Generally, I am not a fan of this multiple because I believe the market cares more about the future than the past. But anyway, I bring this up because this is the lowest that earnings multiple has been since June 2016. That, of course, was Brexit, the rate on the 10-year Treasury hit an all-time low, and the S&P 500 was trading around 2098. The world literally felt as if it was on the verge of a meltdown. Meanwhile, we were also in the middle of an earnings recession. It turned out that it was the last quarter of the earnings recession. At that point, the S&P 500 was also trading at 16.9 times one-year forward estimates.

Not only that, but earnings had fallen from a peak of $114.51 in September 2014 to a low of $98.17 during June 2016. The last time the earnings had been that low was on March 31, 2013, on a trailing-twelve-month basis.

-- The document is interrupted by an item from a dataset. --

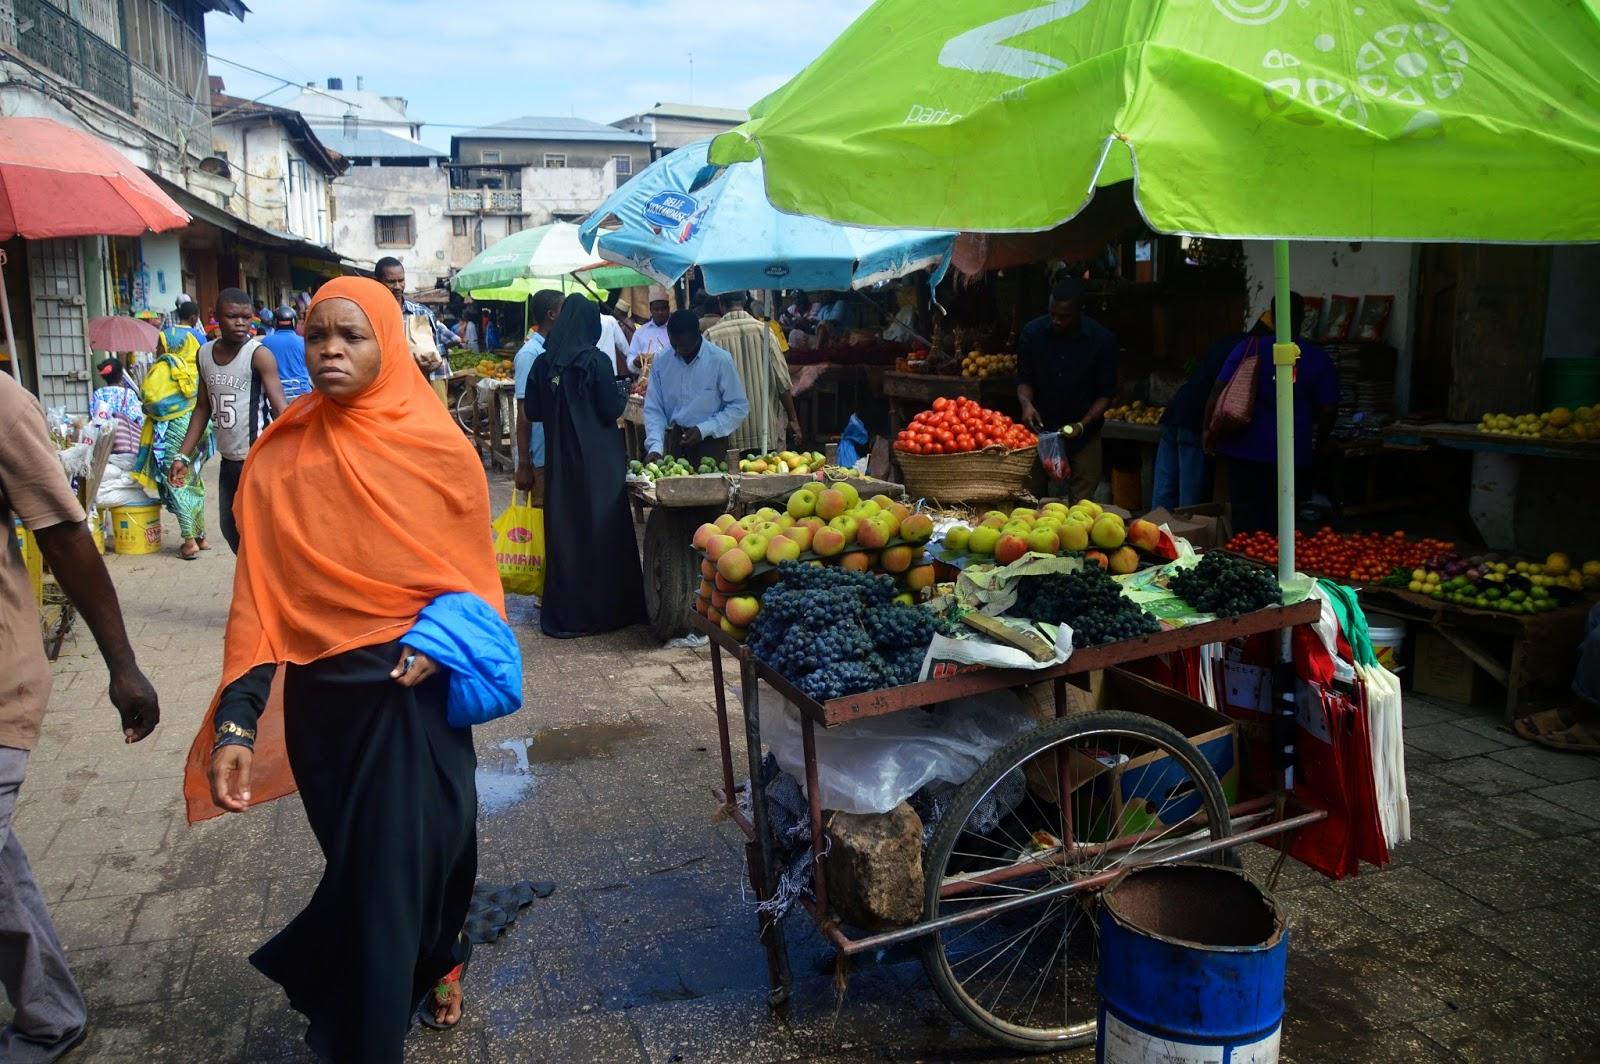 zanzibar tanzania market bazaar fruit

Anyway, when you look at this chart below, I think it puts things into context. I used the earnings data provided by S&P Dow Jones going back to 1988 and the projections through the year 2020; I overlayed that with a chart of the S&P 500. I think it is self-explanatory.

We can see pretty clearly in the chart the relationship between price and earnings.

Where you think the market goes from here, can primarily be based upon where you think earnings are going from here. If you are in the camp that earnings estimates for 2020 are too high and they need to fall 10%, as they had for 2019 from their peak of $177 in August 2018, basically suggesting you see no earnings growth in 2020, then you can make a case that the S&P 500 is fairly valued.

If you believe we are heading to a recession and earnings are going to fall off a cliff, then the market is likely overvalued.

I can’t tell you what to believe. But based on the facts that we have presently, one could say that the equity market is attractively valued, and should earnings grow as expected over the next two years, likely has a great distance to rise.